2
int main ()
{
   char *strA = "abc";
   int tam_strA = strlen(strA);
   
   char strB[tam_strA];
   strB[0] = 'a';
   strB[1] = 'b';
   strB[2] = 'c';
   strB[3] = 'd';
   strB[9] = 'z';
   
   printf("%c", strB[9]);
   
   return 0;
}

It prints 'z' normally. Why it doesn't return segmentation fault error? Since I'm trying to access an index that shouldn't exist because the size (amount of indexes) of strB is equal to tam_strA which is equal to 3.

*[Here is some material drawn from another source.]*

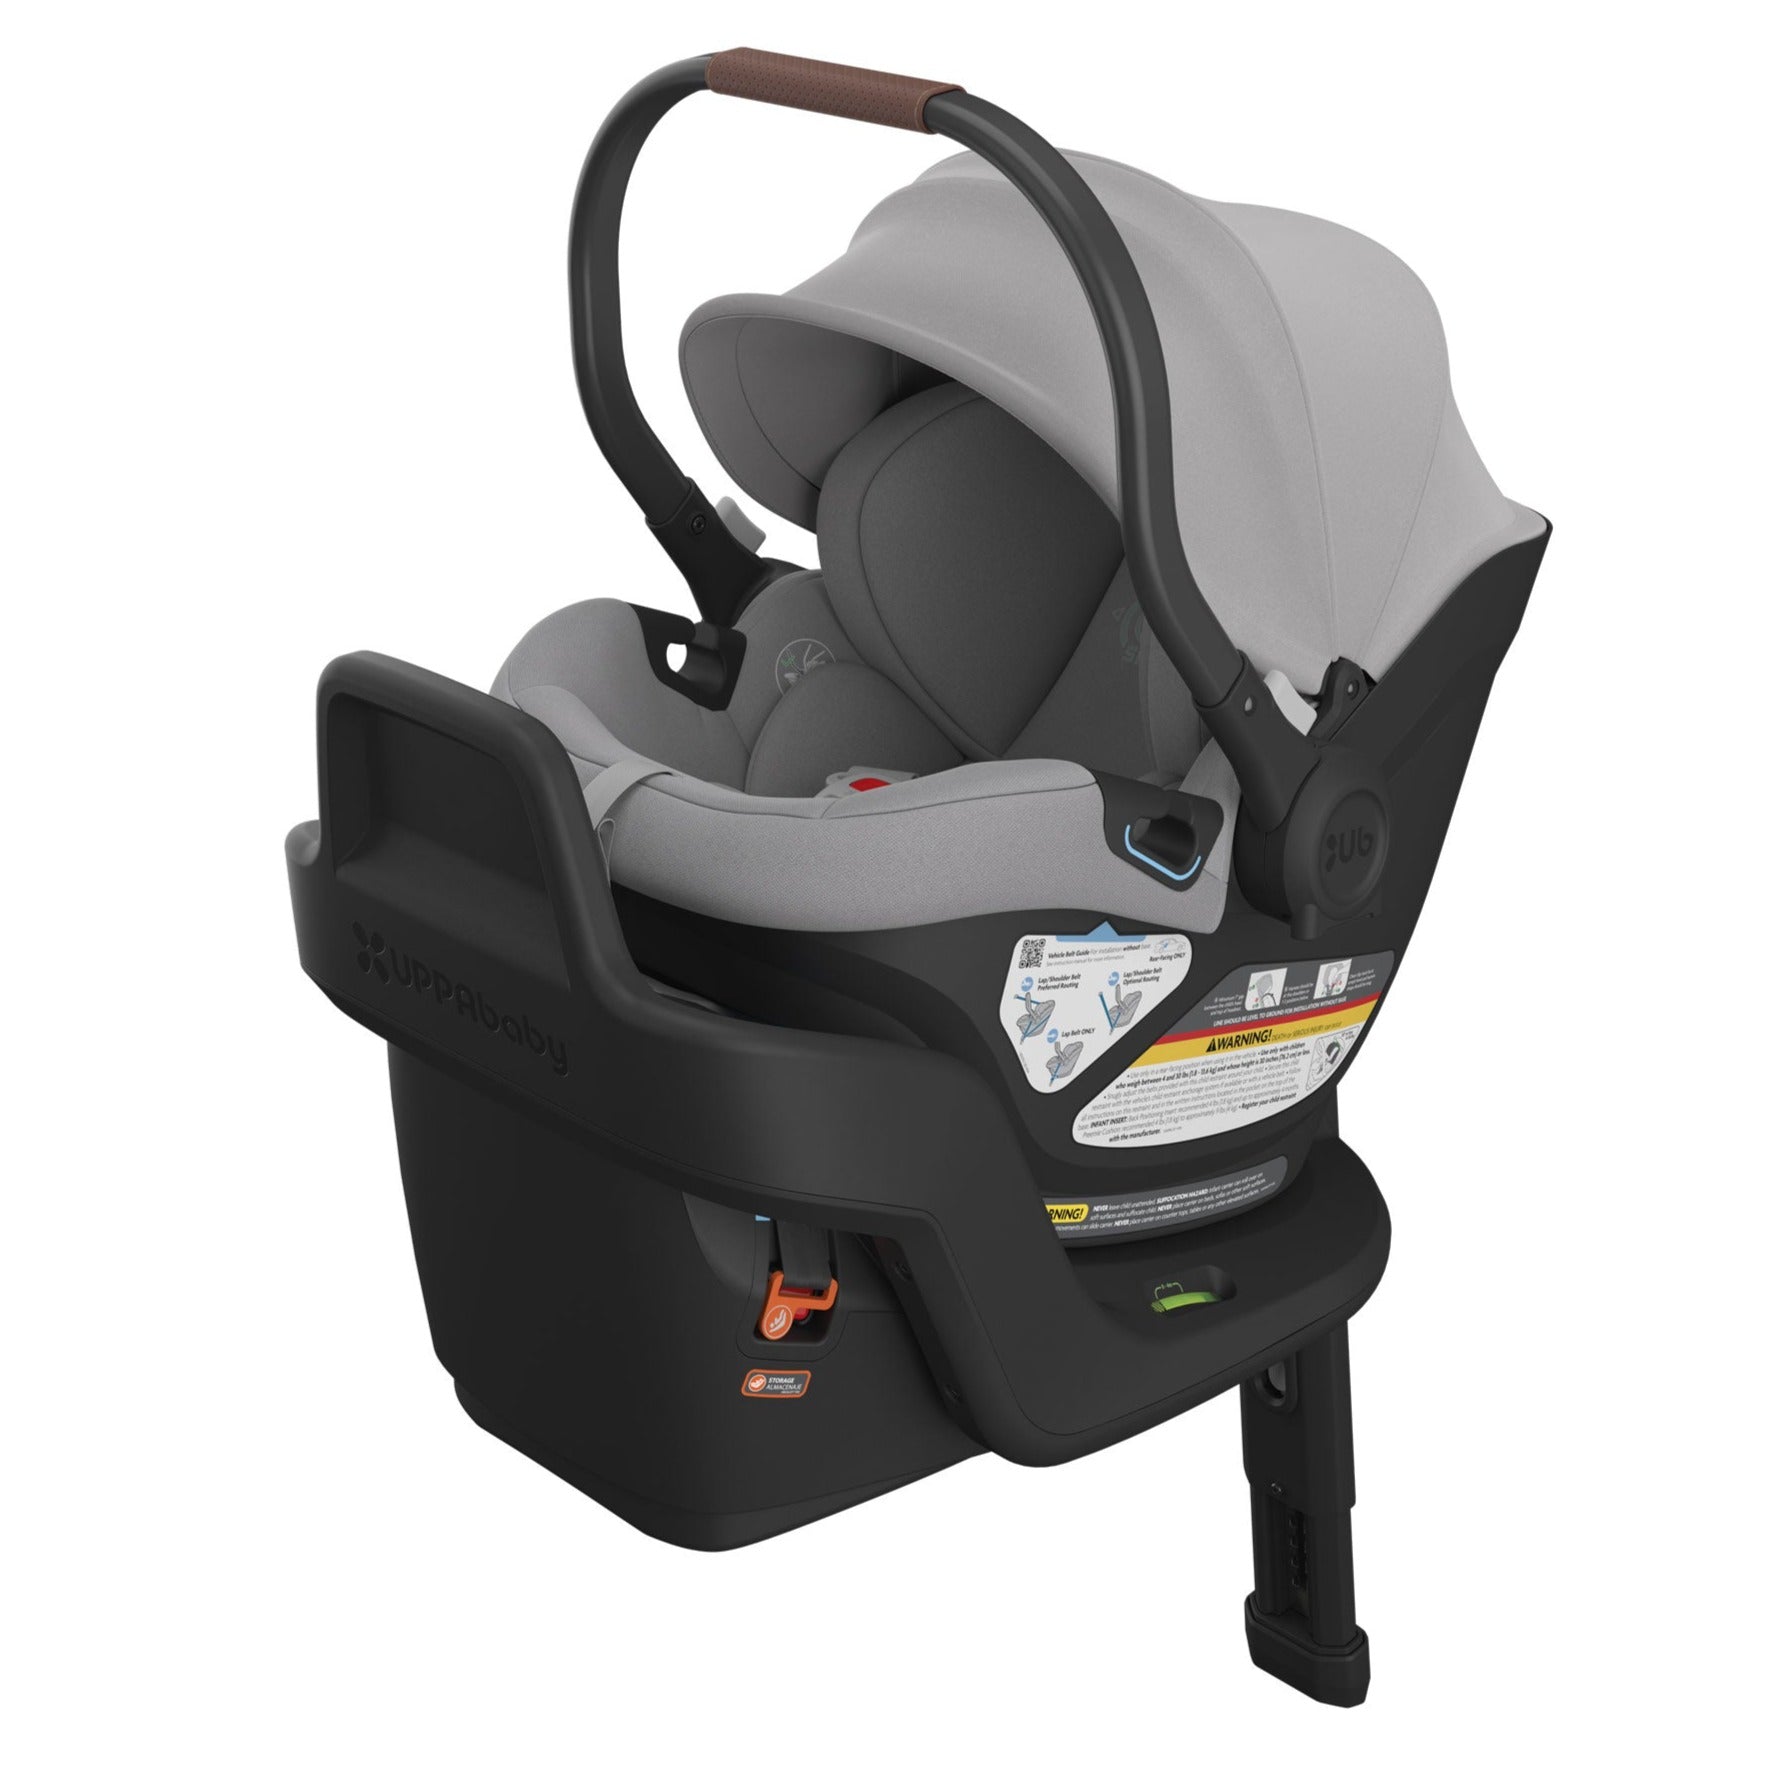 UPPAbaby ARIA Infant Car Seat - ANTHONY (Light Grey)
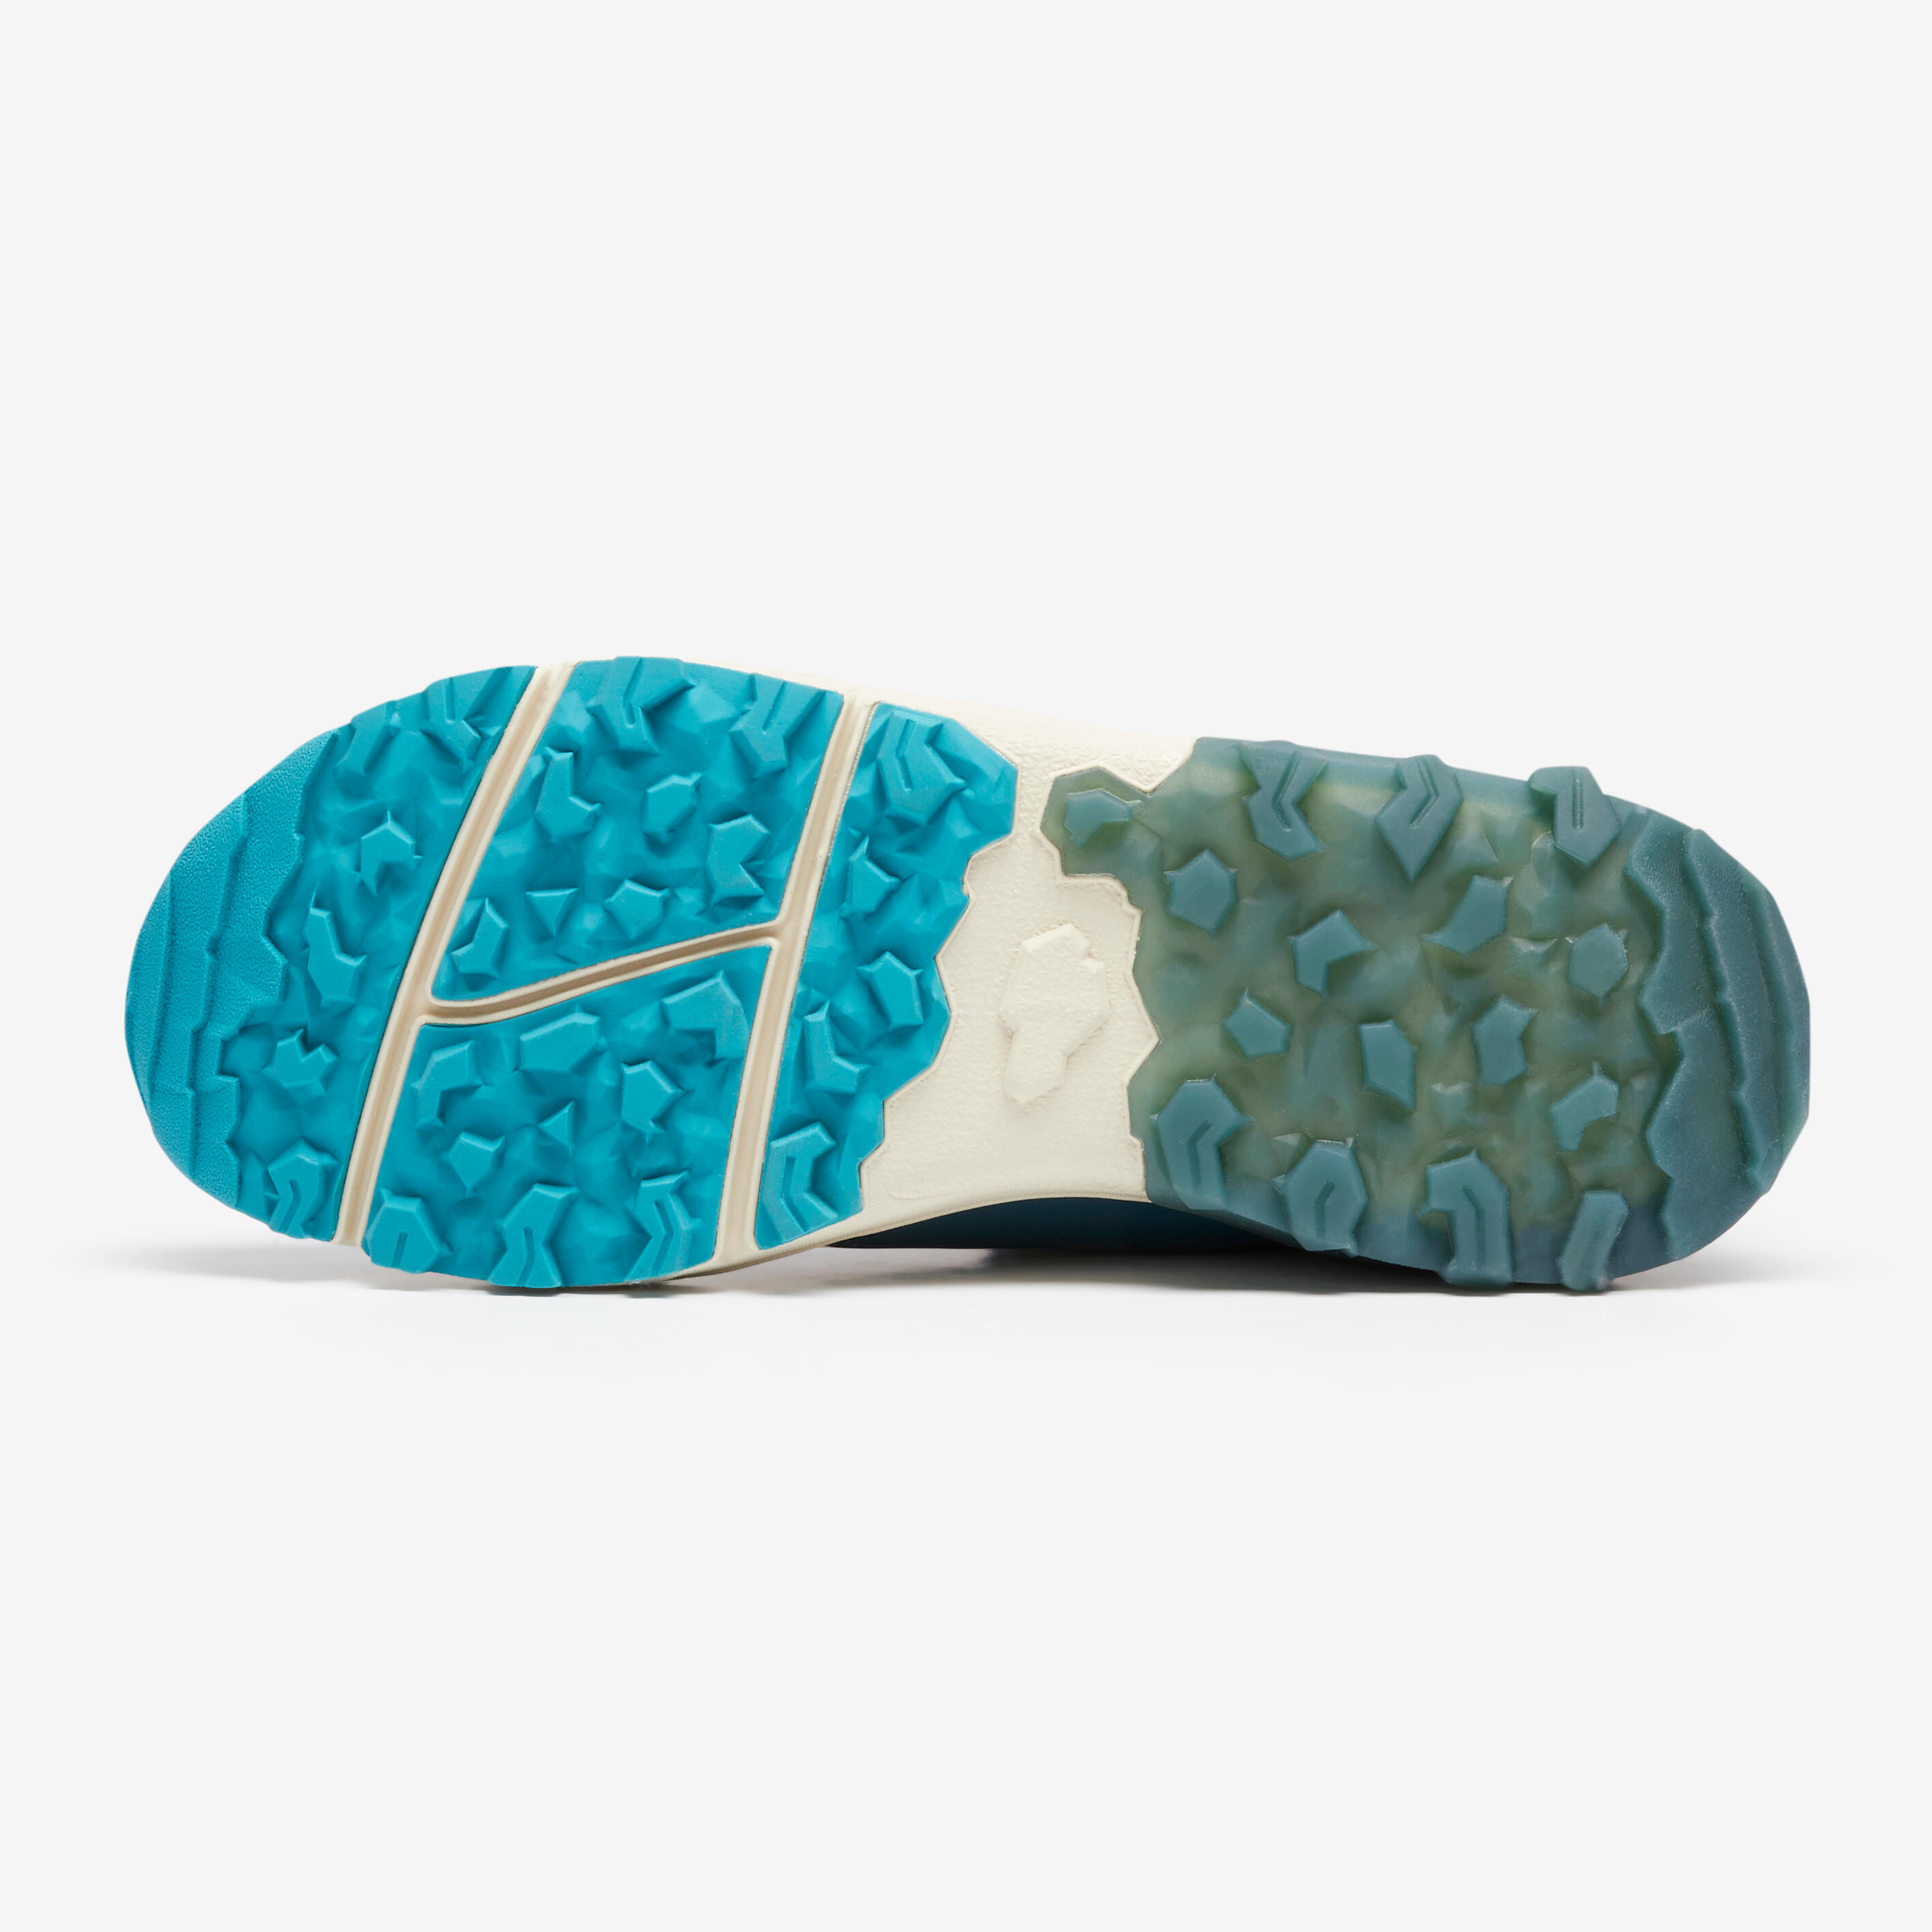 NW 500 Nordic Walking Breathable Shoes - Turquoise 2/7

Also, is there any difference/problem on doing char strB[strlen(strA)]; instead?

Sourav Ghosh
  • 133,132
  • 16
  • 183
  • 261
Guilherme Neves
  • 33
  • 4
  • 2
    Undedined behaviour means anything can happen. Your code demonstrates one possible behaviour; there are a myriad others. You might get a crash if you printed via `strA`. – Jonathan Leffler Dec 21 '21 at 05:35
  • If `strB[9]` is in memory that you do not own, and the hardware is configured to cause a system fault, that is what will happen. But if `strB[9]` is in memory that you do own, it won't cause a problem unless there is competition for use of that memory location. If you don't intefere with any other use (or vice-versa), there won't be a problem. Suppose you go to the theatre and sit in a seat you didn't book. You might enjoy the whole show if no-one else wants to use the same seat, otherwise, there will be trouble. – Weather Vane Dec 21 '21 at 07:10
  • [What is undefined behavior and how does it work?](https://software.codidact.com/posts/277486) – Lundin Dec 21 '21 at 07:34
  • C does not protect you from shooting yourself in the foot (it's called **Undefined Behaviour** when you do so). The idea behind C not checking everything for you is that you can check yourself when you need to ... and when you don't need to your compiled program is streamlined by design. – pmg Dec 21 '21 at 10:37
  • Please choose a title which provides information about your question rather than a generic statement. Thank you. – user438383 Dec 21 '21 at 10:45

2 Answers2

3

C language does not have a specification that stops you from accessing invalid memory, nor does it guarantee a segmentation fault. The only promise which is made is that, if you attempt to access invalid memory, that will cause undefined behavior.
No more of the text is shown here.